Let $ABC$ be an acute angled triangle with $\angle{BAC}$ = 60◦ and $AB$ > $AC$. Let $I$ be the incenter, and $H$ the orthocenter of the triangle $ABC$. Prove that $2\angle{AHI}$ = $3\angle{ABC}$.
I let $D,E,F$ be altitude on $AB,BC,AC$ respectively and $HI$ meet $AB$ at $X$. I observed that $\angle{AHD}$=$\angle{ABC}$. So I assume that the equality hold if $\angle{DHX}$=1/2$\angle{AHD}$ and to prove that is true I draw $HZ$ meet $AB$ at $Z$ so that $\triangle{AHZ}$ is isosceles triangle. But the problem is I don't know how to prove that $\angle{DHX}=\angle{XHZ}$. Please help
Let $C'$ be on $AB$ so that $AB\bot CC'$ and let $\angle CBI = x ={1\over 2}\angle ABC$.
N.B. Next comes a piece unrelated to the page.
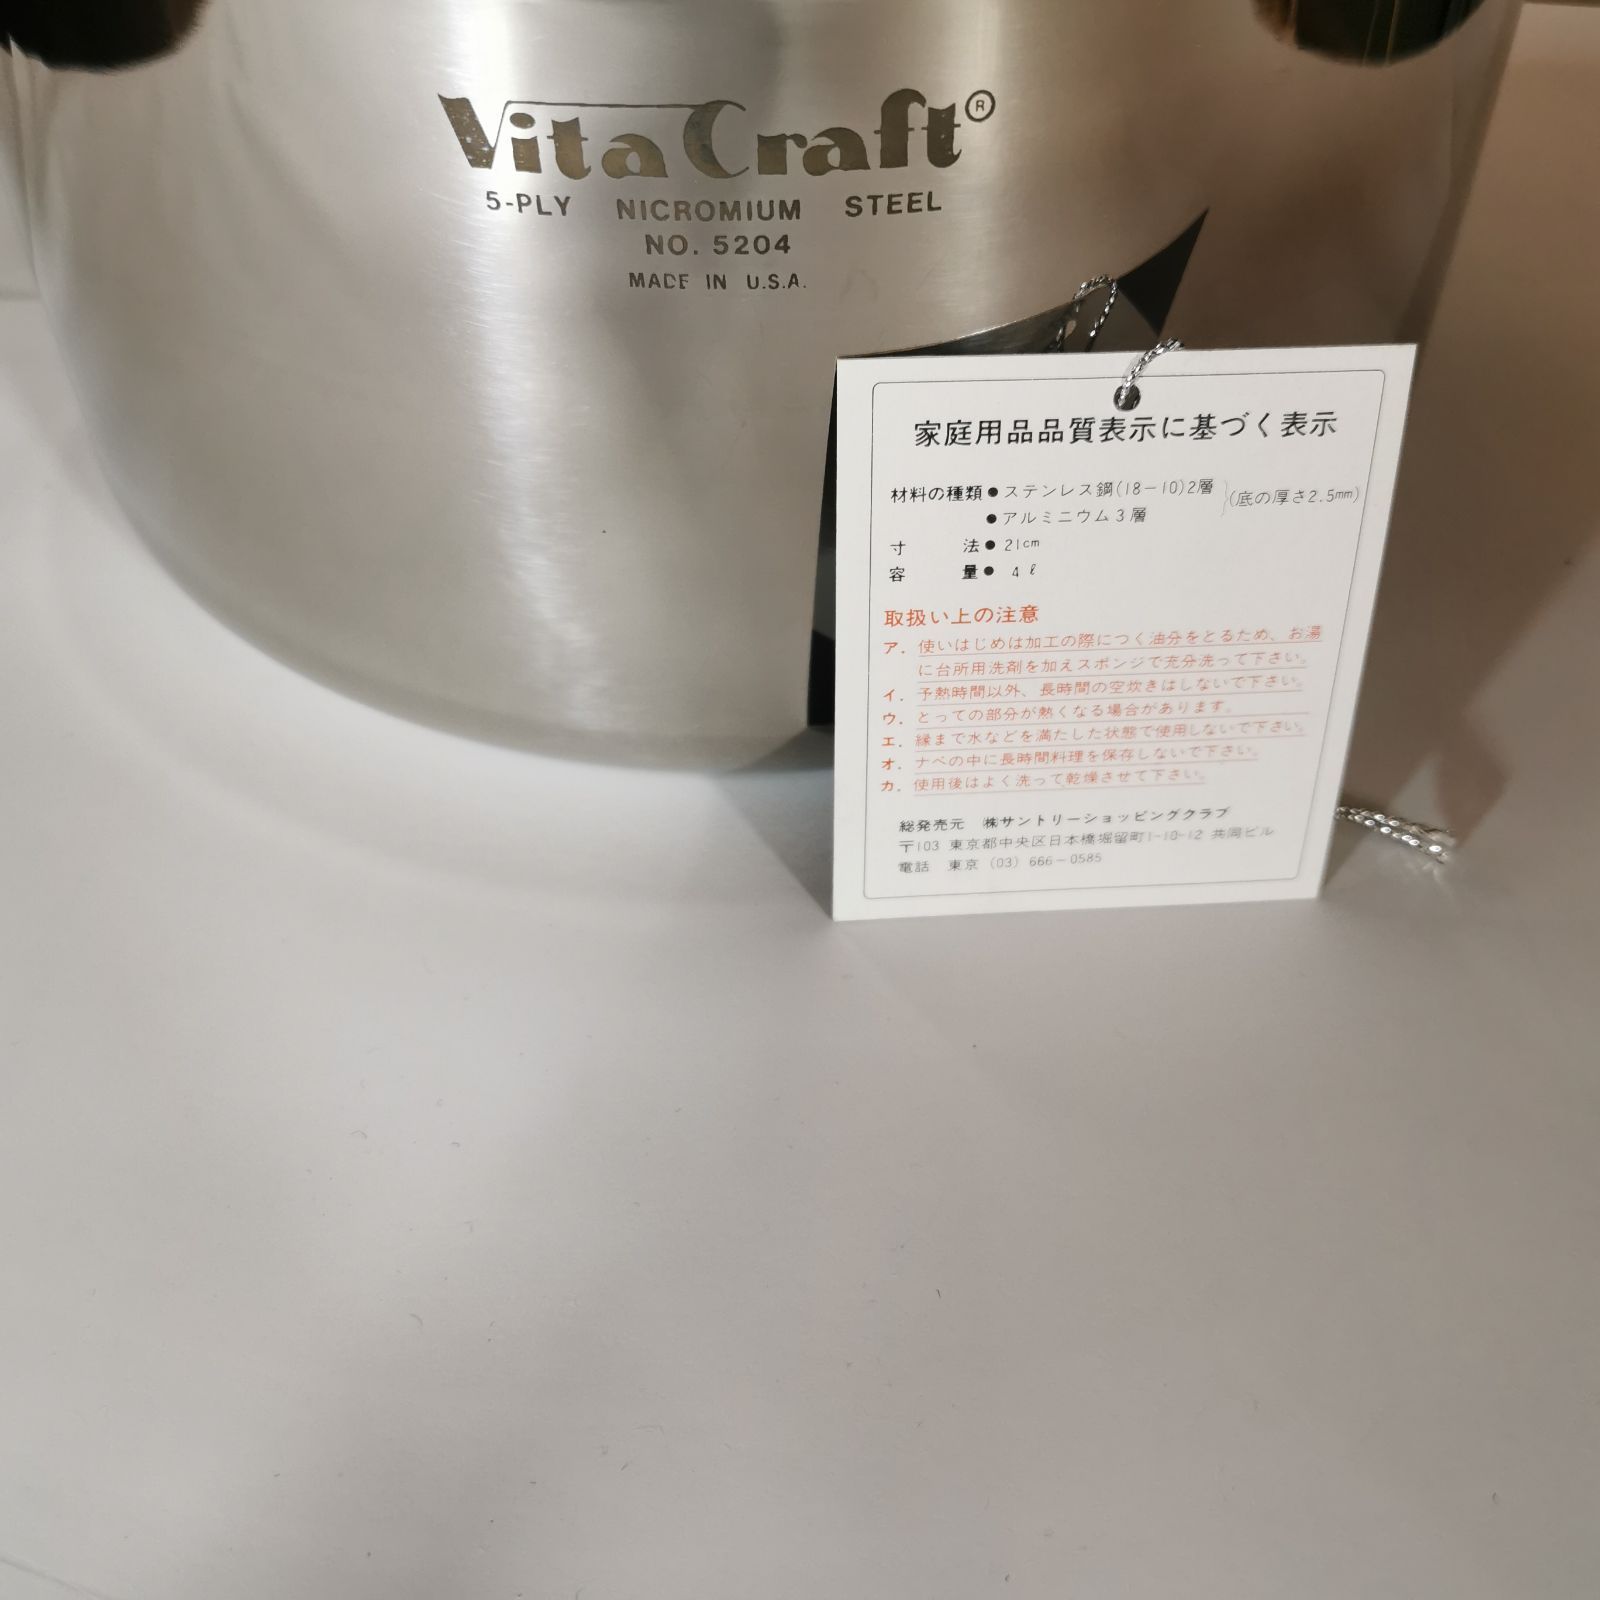 ビタクラフト 5層 両手鍋 No.5204 未使用品 - メルカリ
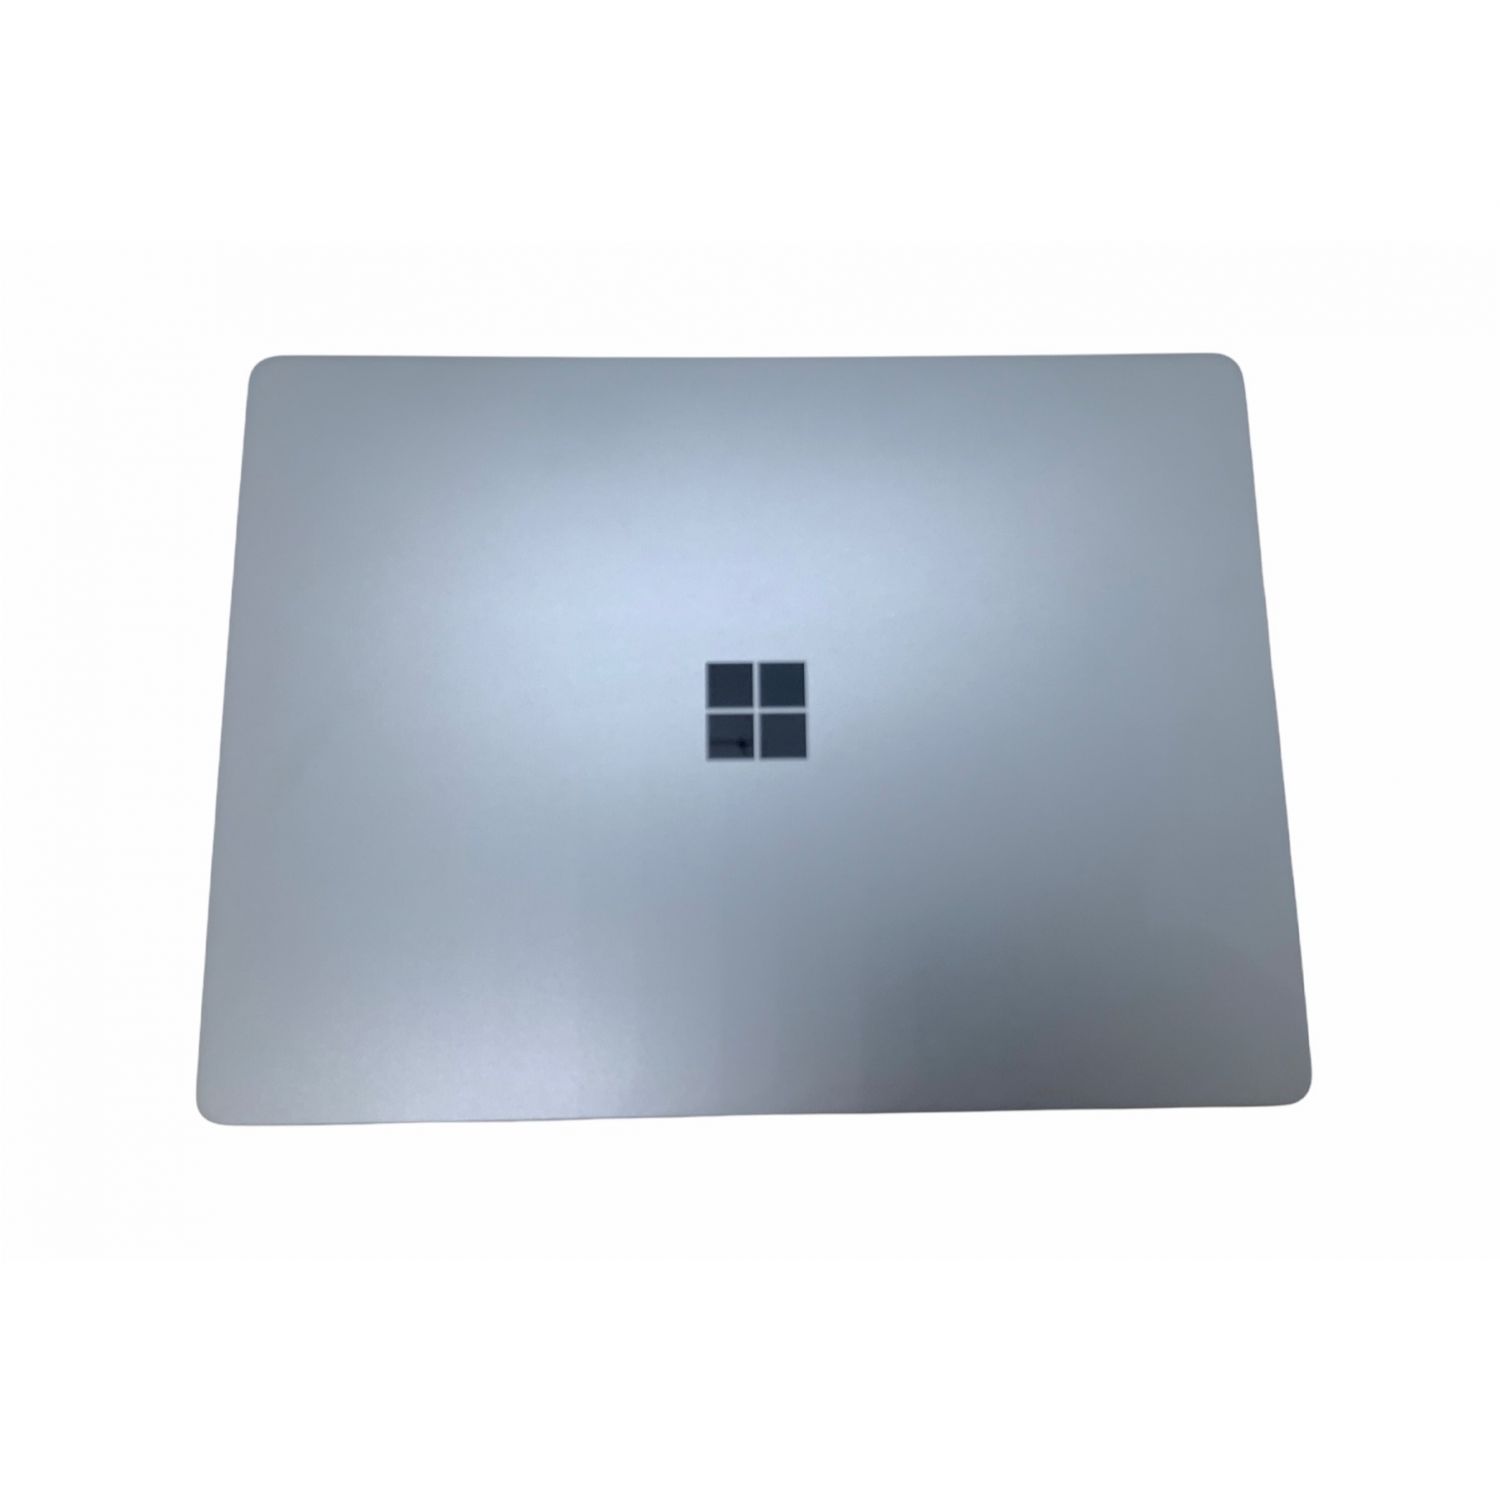 Microsoft (マイクロソフト) Surface Laptop Go 1943 12インチ Windows

Then since $BCHI$ is cyclic ($\angle BIC = \angle BHC = 120^{\circ}$) we have $\angle IHC = \pi-x$ so $\color{red}{\angle IHC' = x}$.
Since $\angle BAH = {\pi\over 2}-2x $ we have $\color{red}{\angle AHC' = 2x} $ (observe the triangle $AHC'$.) We are done.